- Born: Stuart Smith November 16, 1980 (age 45) Lakewood, California, U.S.
- Other names: Syko Stu
- Fighting out of: California, U.S.
- Years active: 2009–2025

= Syko Stu =

American wrestler (born 1980)

Stuart Smith (born November 16, 1980), better known as Syko Stu, is an American retired professional wrestler and military veteran best known for his stage presence and military service.

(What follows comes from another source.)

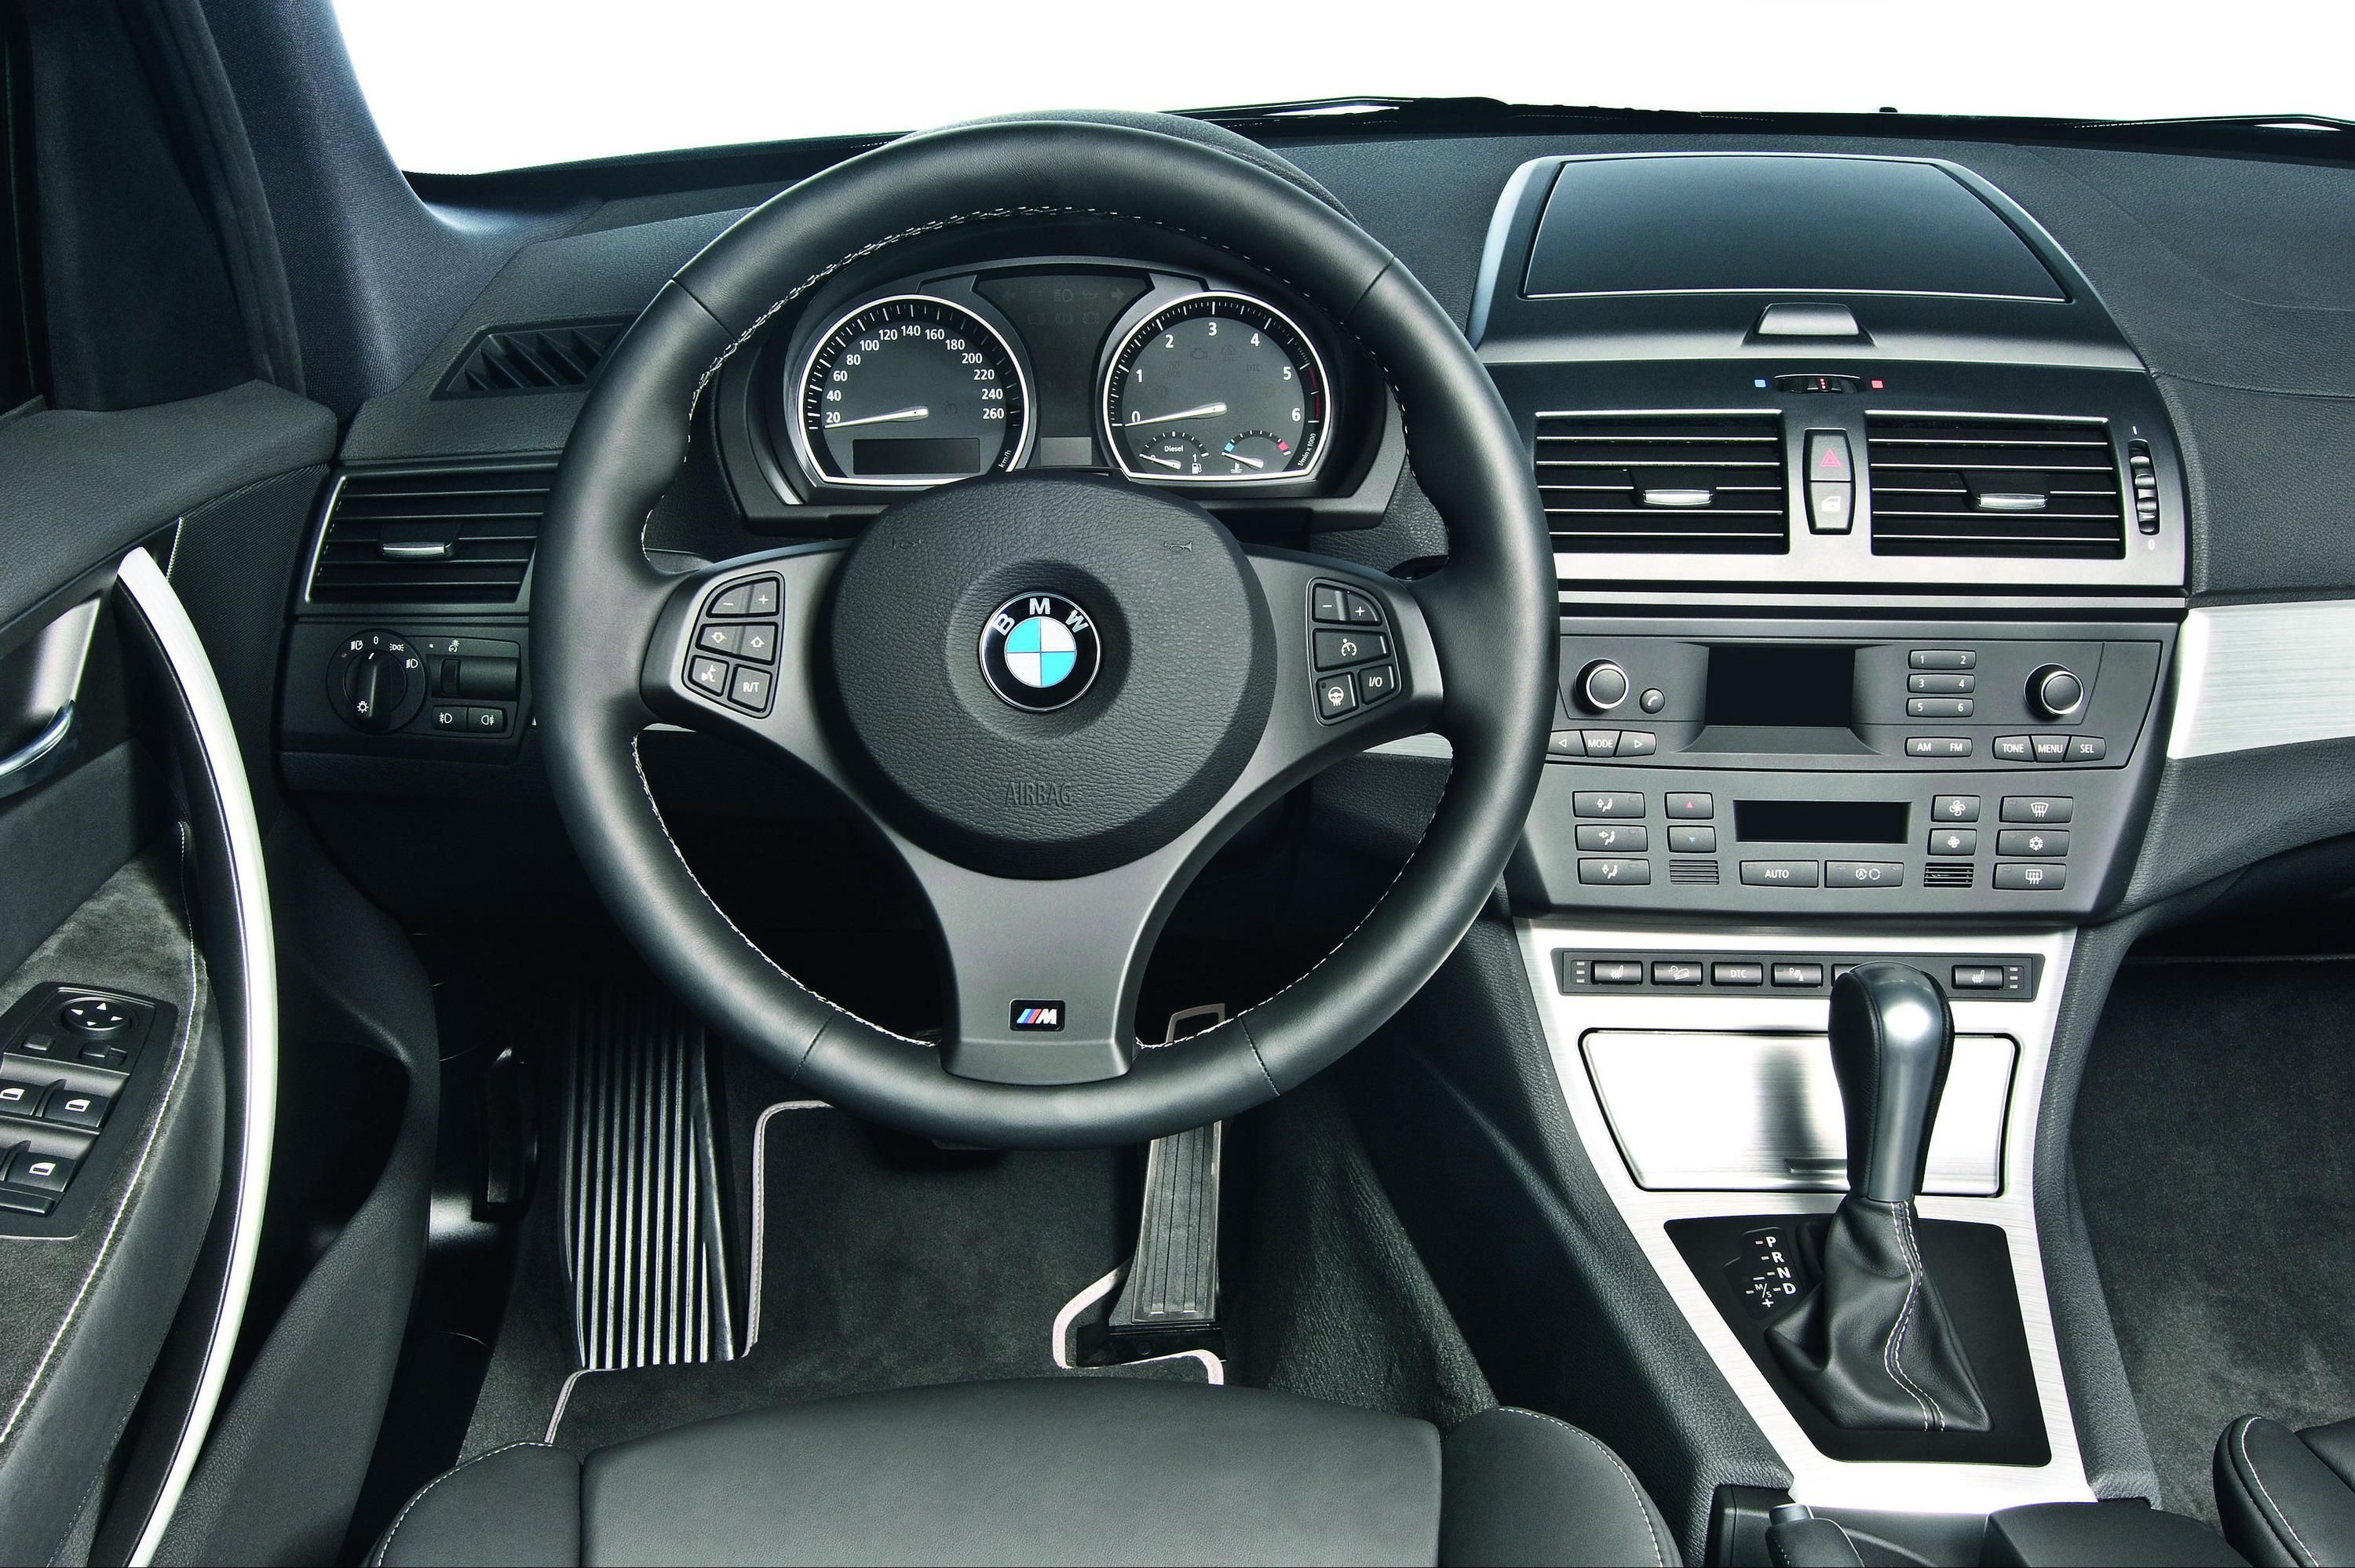 2009 BMW X3 Limited Sport Edition

Smith joined KnokX Pro after a Honorable Discharge from the military in 2009. According to Smith, this was to help deal with the PTSD he suffered after serving.

==Raja Jackson incident==
In August 2025, Smith was involved in an incident with Raja Jackson, son of Quinton Jackson. Raja knocked Smith unconscious during an incident where Raja slammed Smith and proceeded to punch him a total of 22 (Note: Some sources claim it was 23 punches) times, 18 of which were to his head, at a KnokX Pro Wrestling event. Smith was sent to the hospital and was later reported to be in “stable but critical” condition, reportedly awake but missing teeth, and suffered broken bones in his face. Raja had been livestreaming to Kick at the time of the attack. KnokX Pro described it as "a planned and agreed upon wrestling spot, turned into a selfish, irresponsible act of violence". Quinton Jackson said he was "deeply concerned" and "very upset that any of this happened" and described it as a "work gone wrong".

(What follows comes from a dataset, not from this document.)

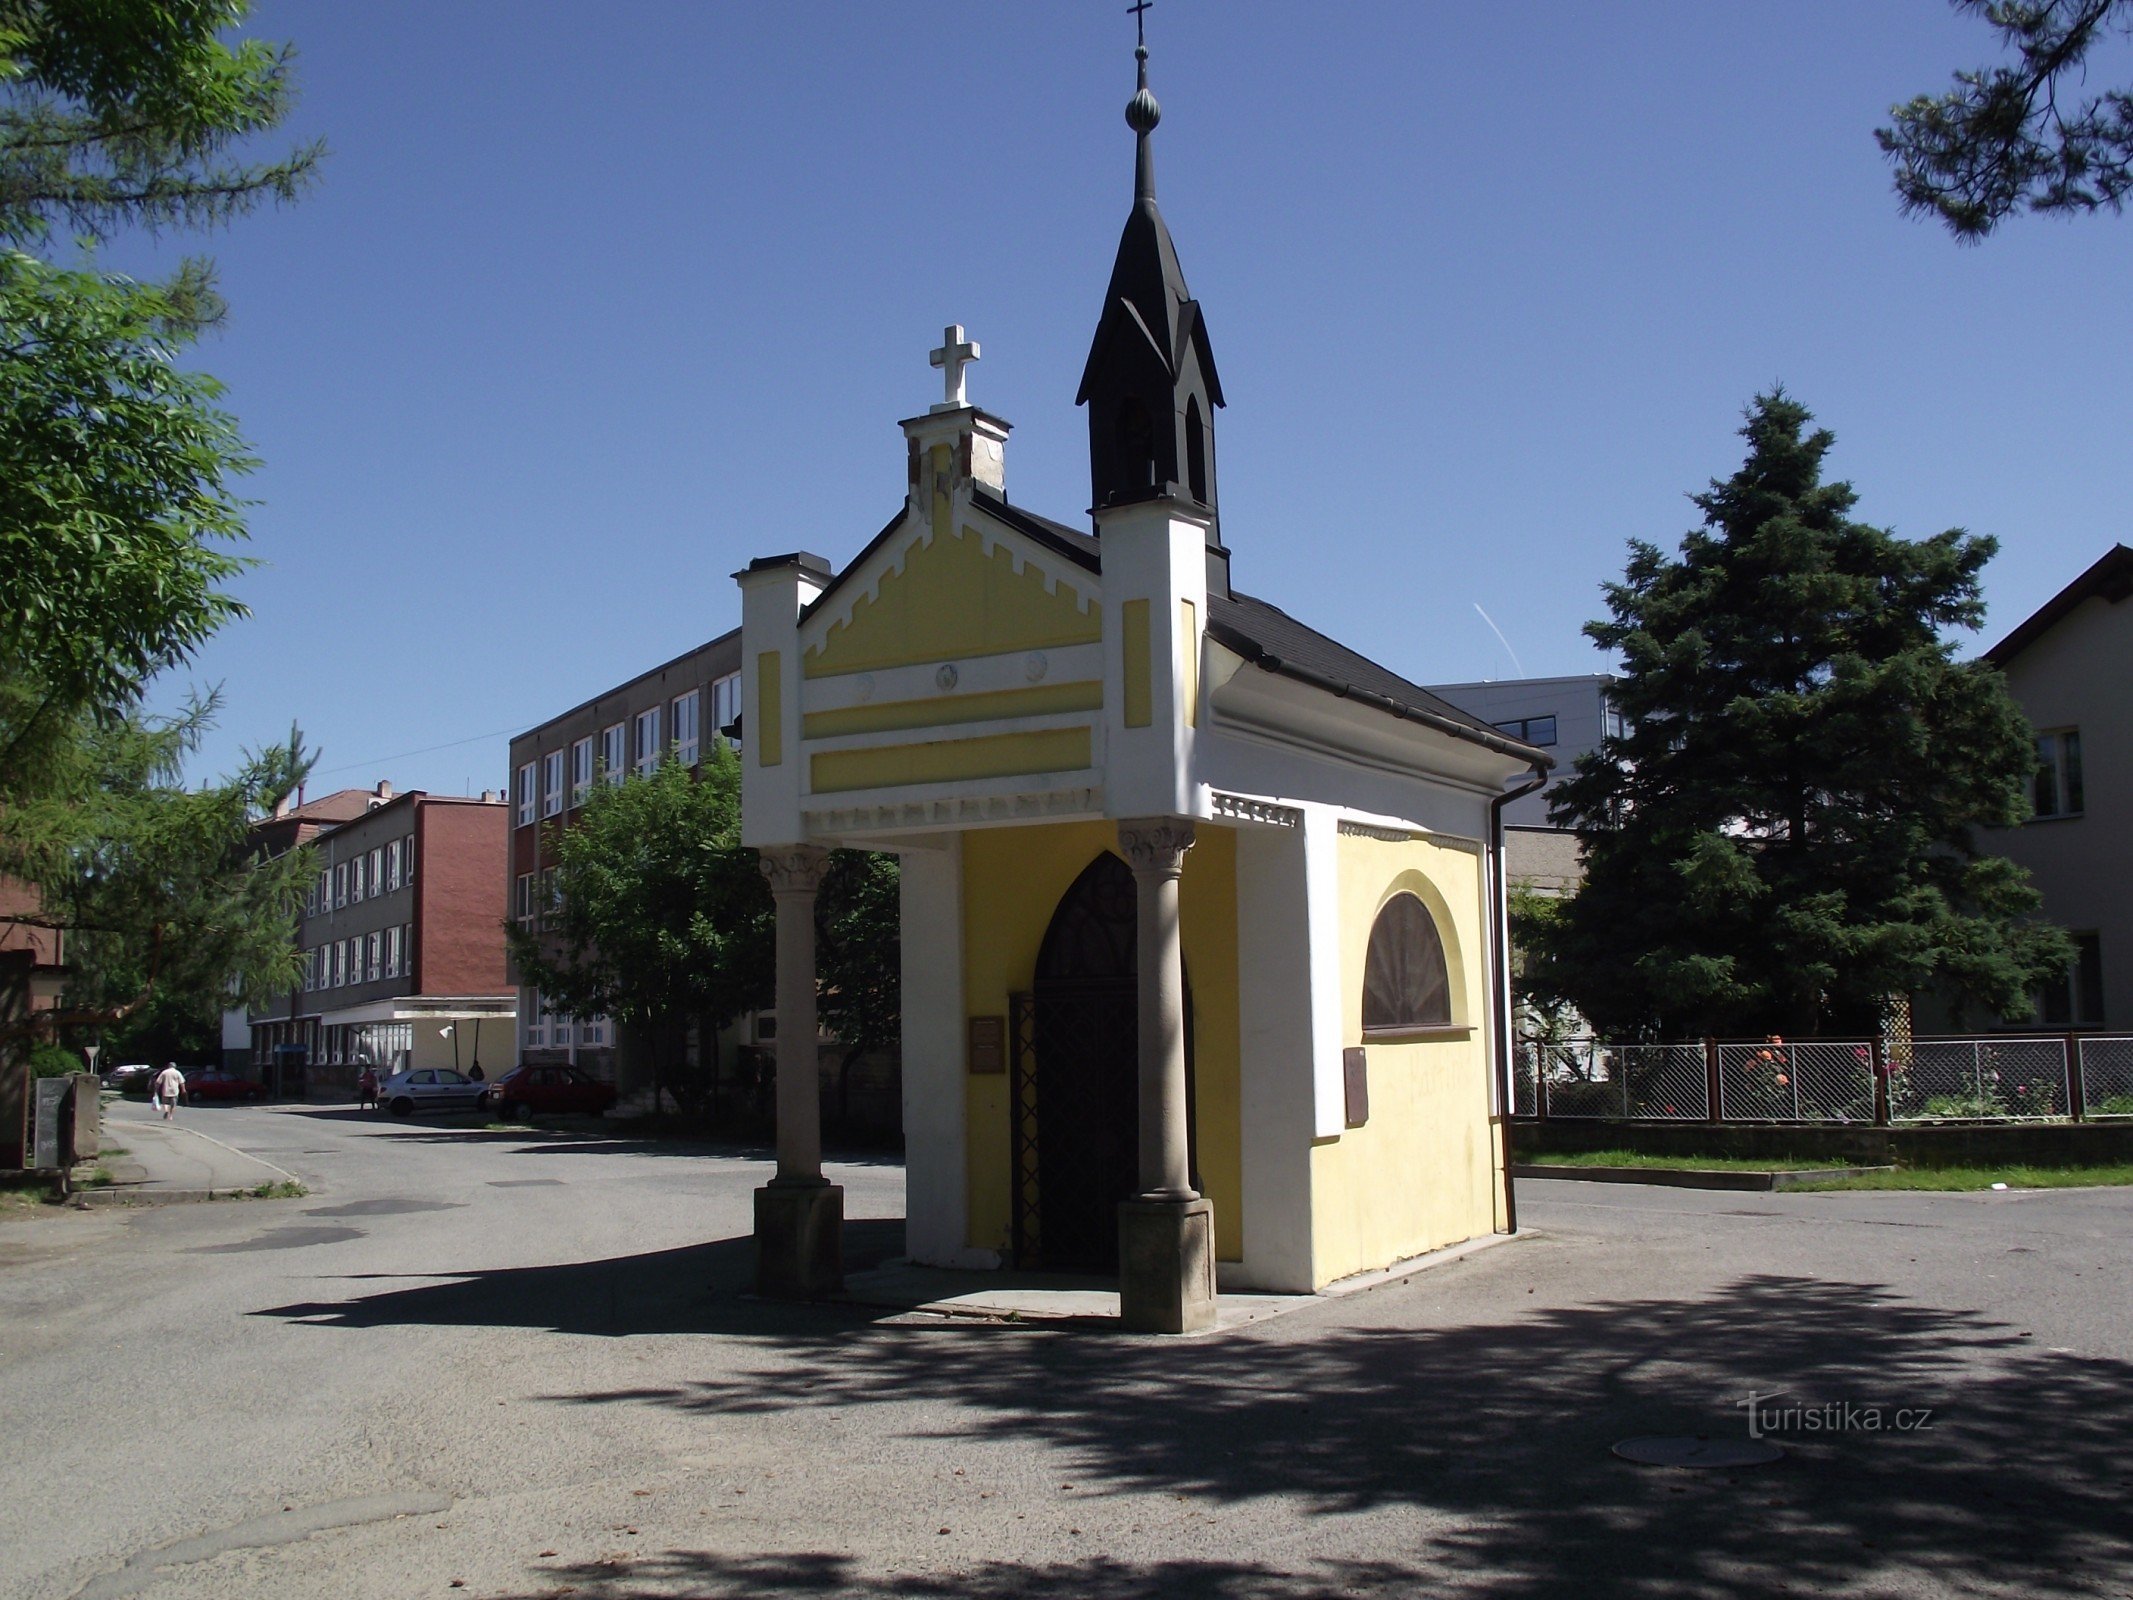 Valašské Meziříčí (Krásno) – chapel of St. Rocha

After the incident, KnokX Pro removed mentions of WWE ID and WWE NIL from their branding, with Mike Johnson of Pro Wrestling Insider writing that it "would appear WWE has severed ties with the promotion and academy as part of the fallout of the Raja Jackson incident". On August 25, the KnokX Pro Academy was removed from the list of WWE ID-affiliated schools featured on the WWE Recruit site. In addition, Raja was banned from Kick.

On September 2, Smith was released from the hospital and returned to his home to recover.

In May 2026, Raja Jackson reached a plea deal with an "anticipated sentence" of 90 days in jail, two years of probation and paying more than $81,700 in restitution. Smith released a statement on May 10 that he has "no grudges" against Jackson.